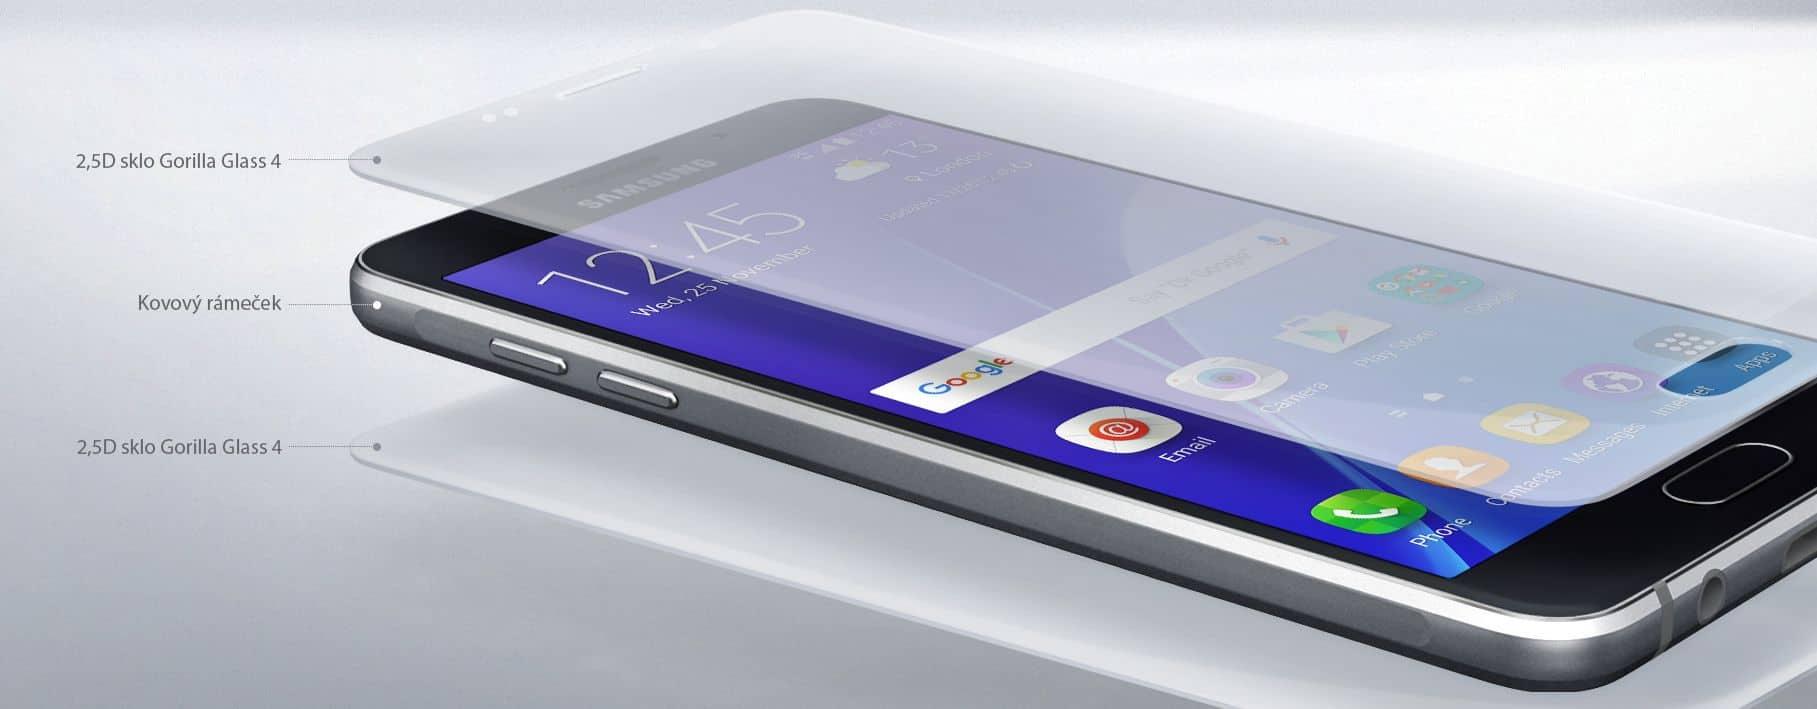 Samsung Galaxy A3_2016 title
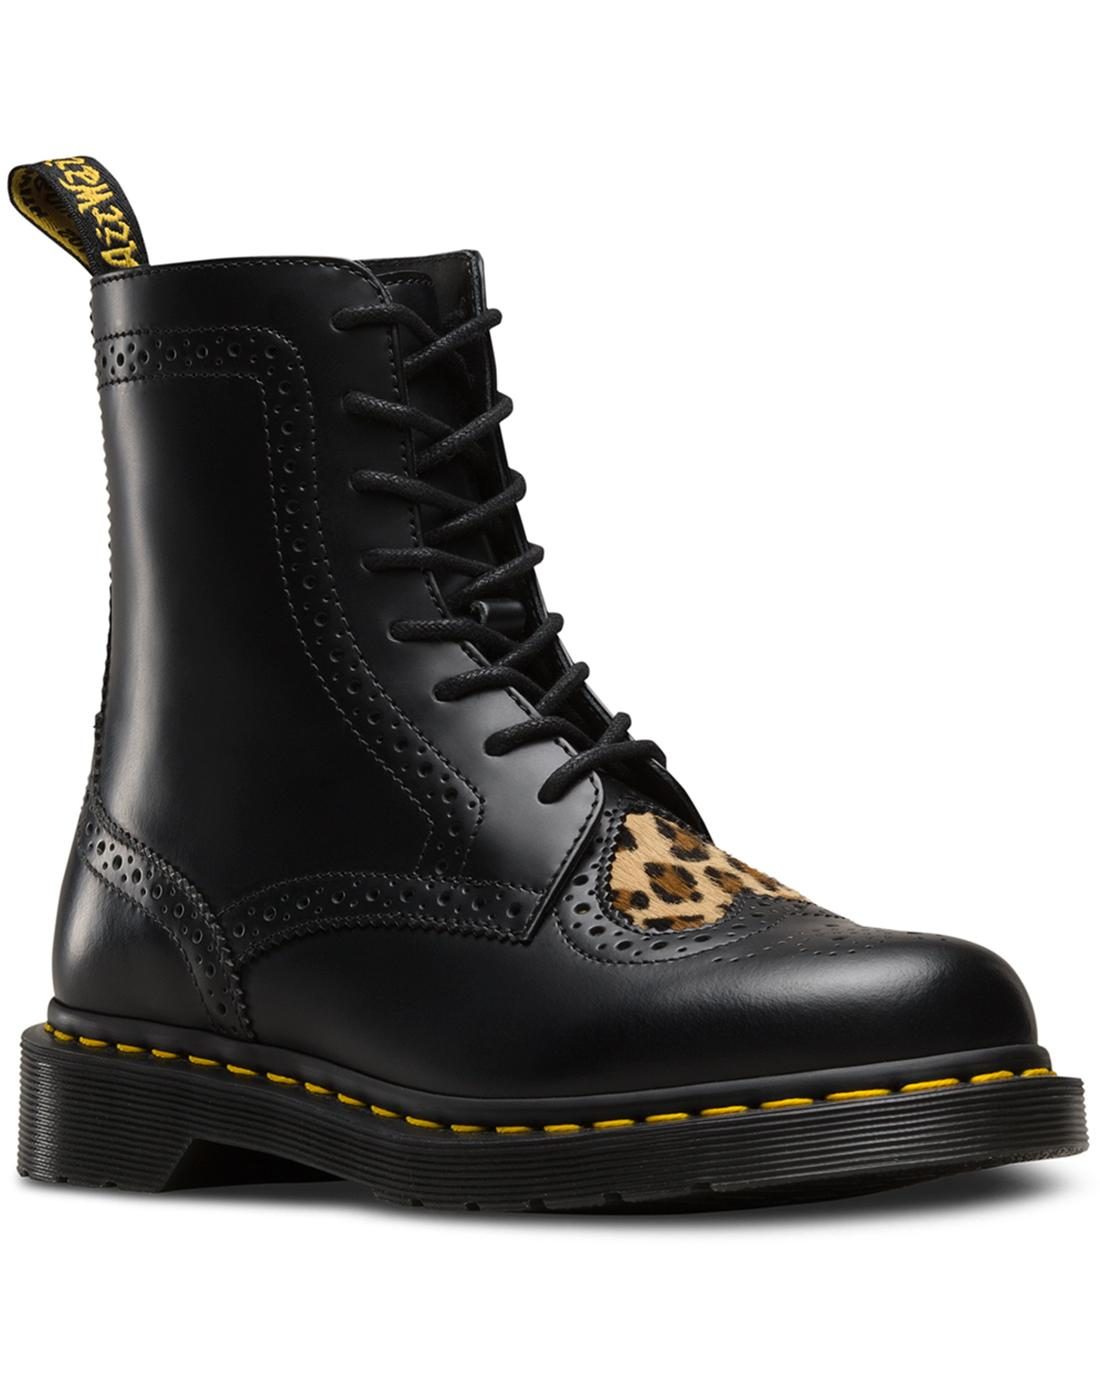 Bentley II Heart DR MARTENS Leopard Brogue Boots
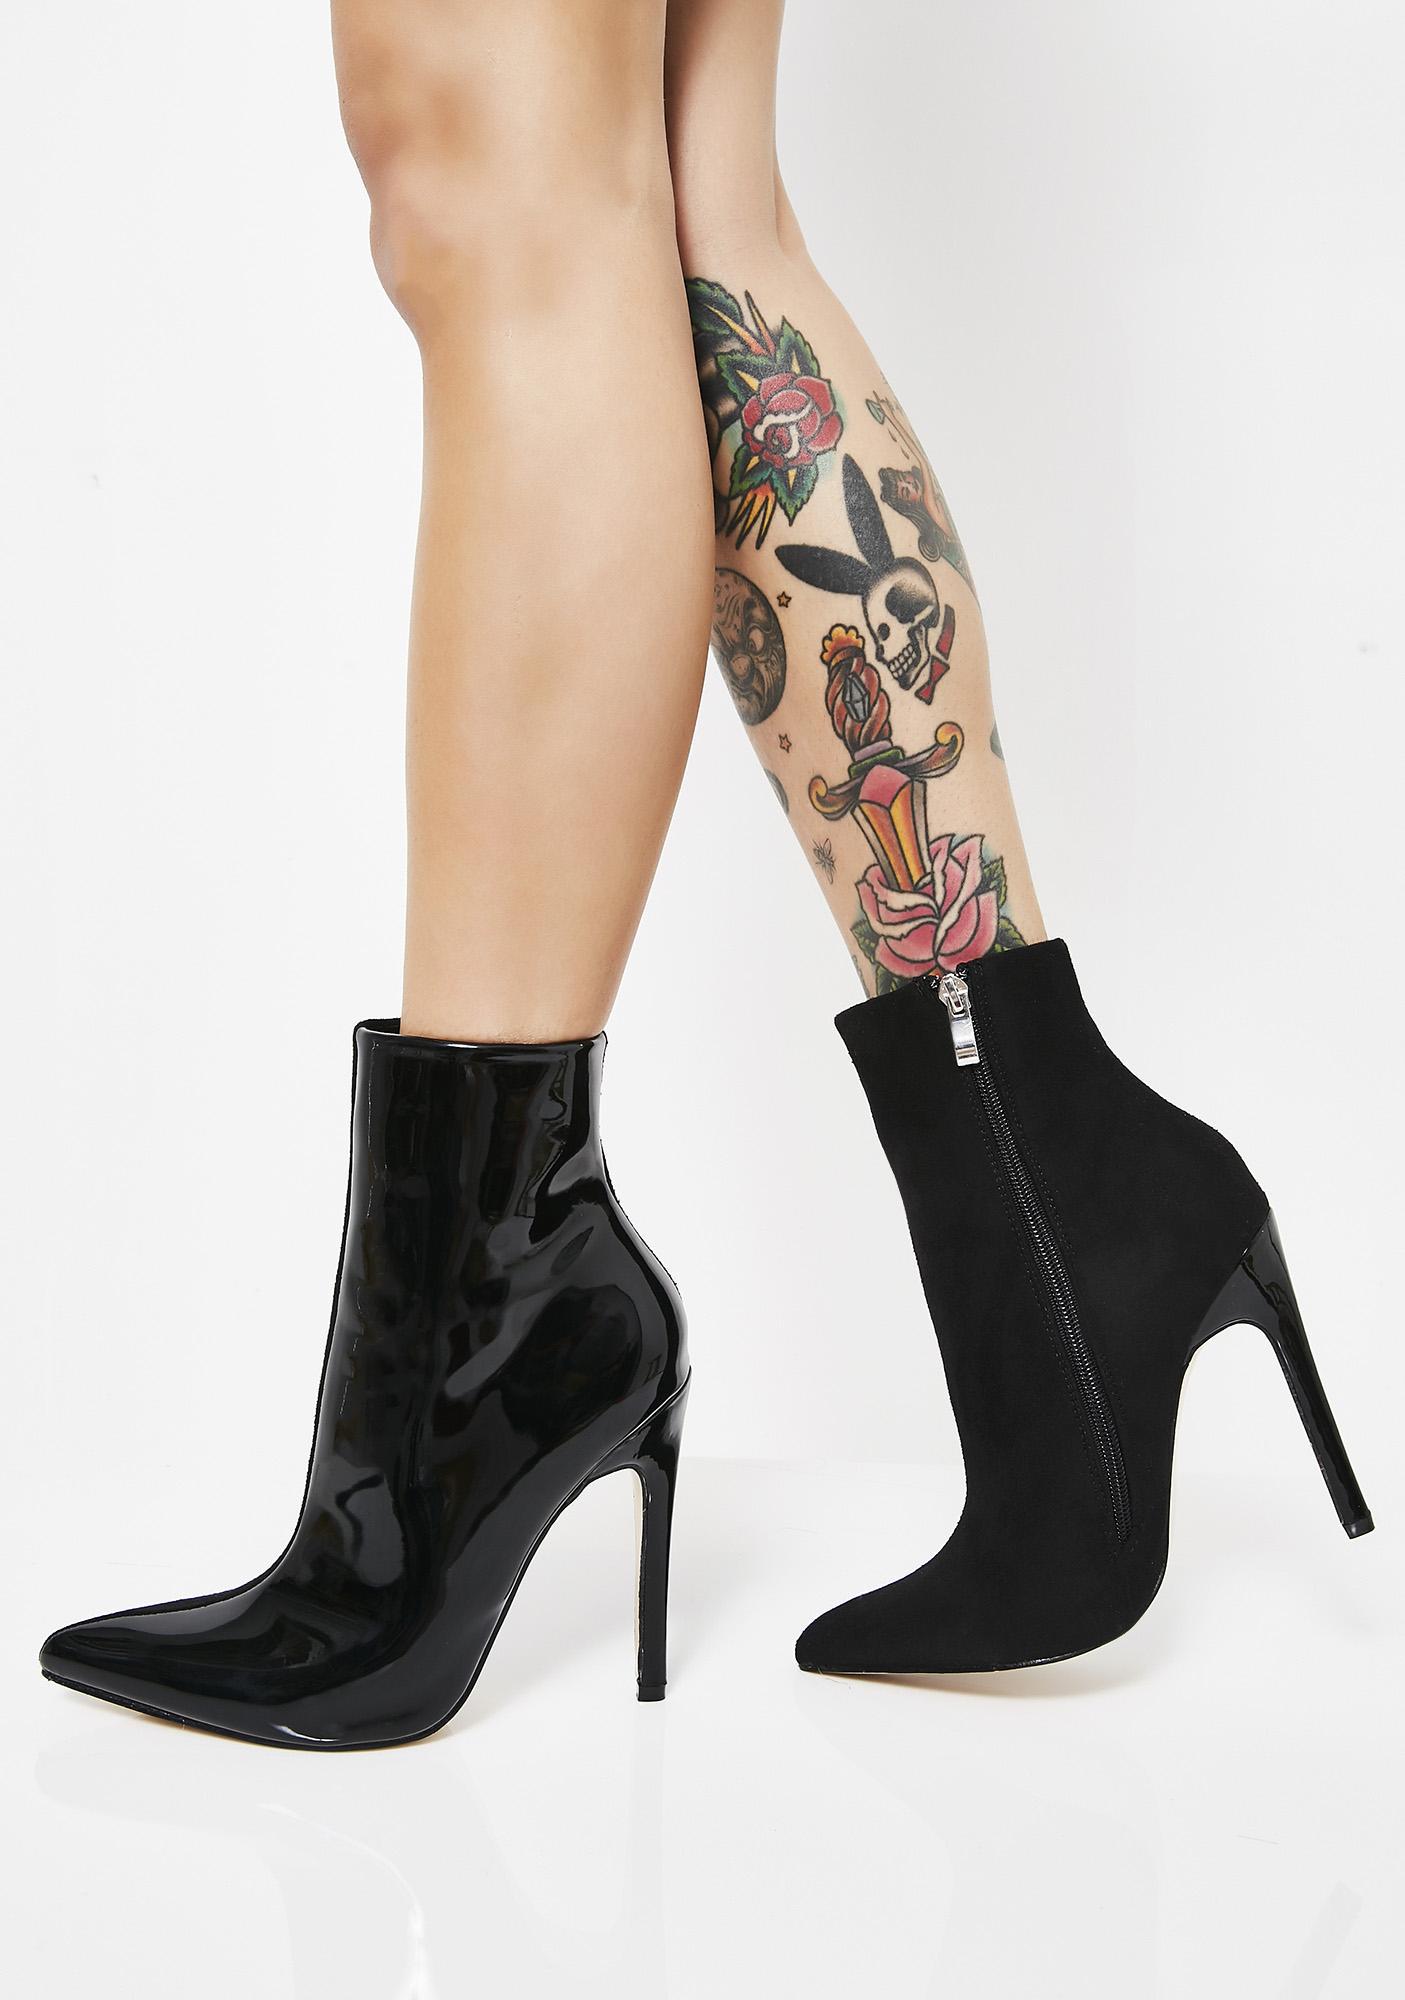 55650a388a8 ... Public Desire Yuri Contrast Stiletto Heel Ankle Boots ...
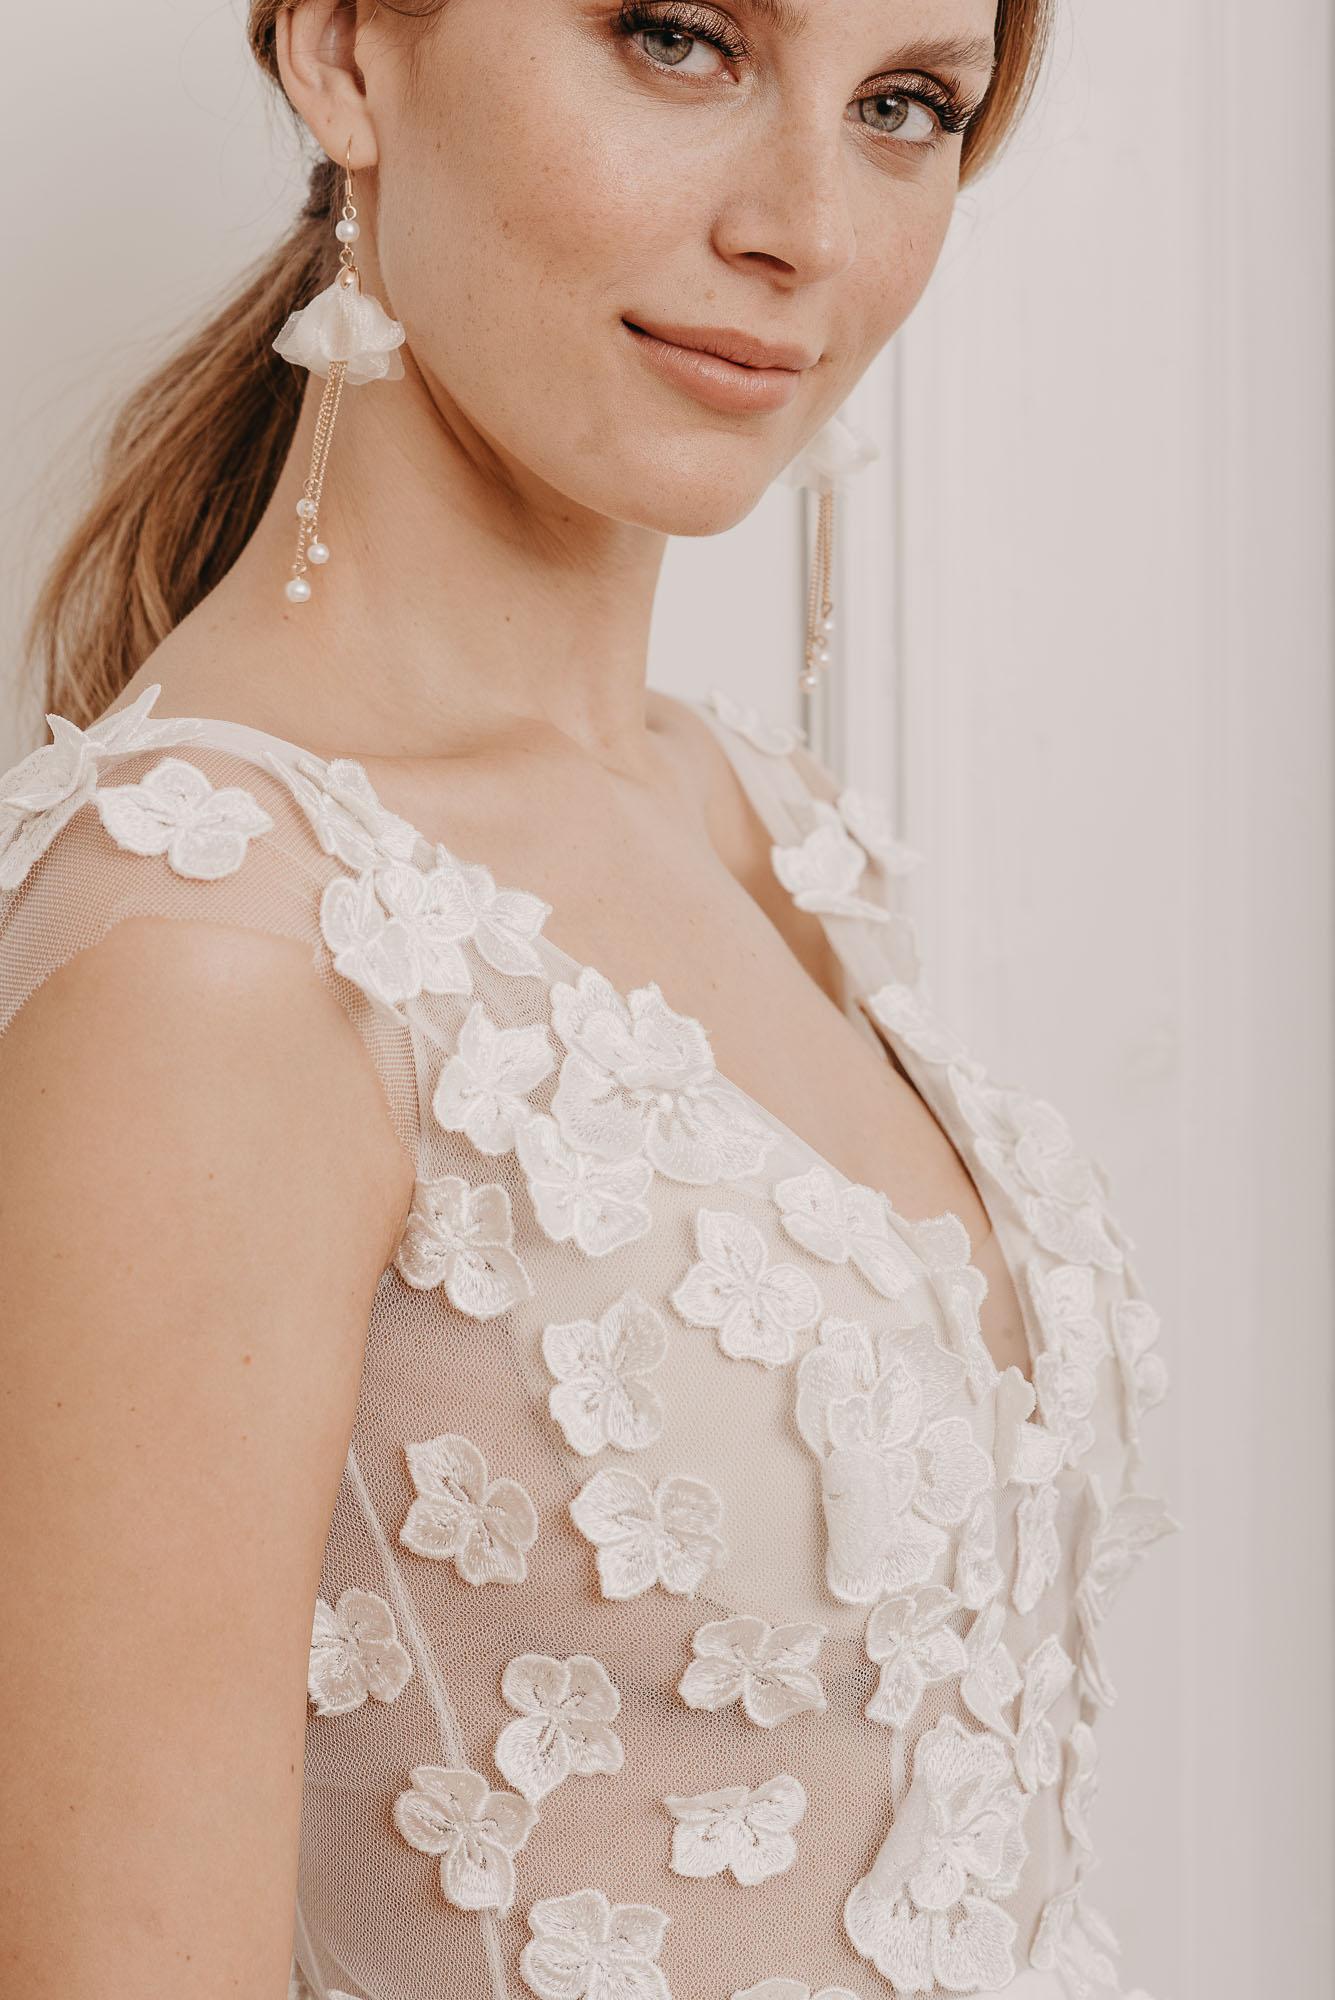 Lovage Brautkleid - Brautmode von Oonce

****

### Exercise description
Hand back every line of the material, exactly, without the pictures.

### Solution to this problem
 Samsung Galaxy A3_2016 title
 Bentley II Heart DR MARTENS Leopard Brogue Boots
 55650a388a8 ... Public Desire Yuri Contrast Stiletto Heel Ankle Boots ...
 Lovage Brautkleid - Brautmode von Oonce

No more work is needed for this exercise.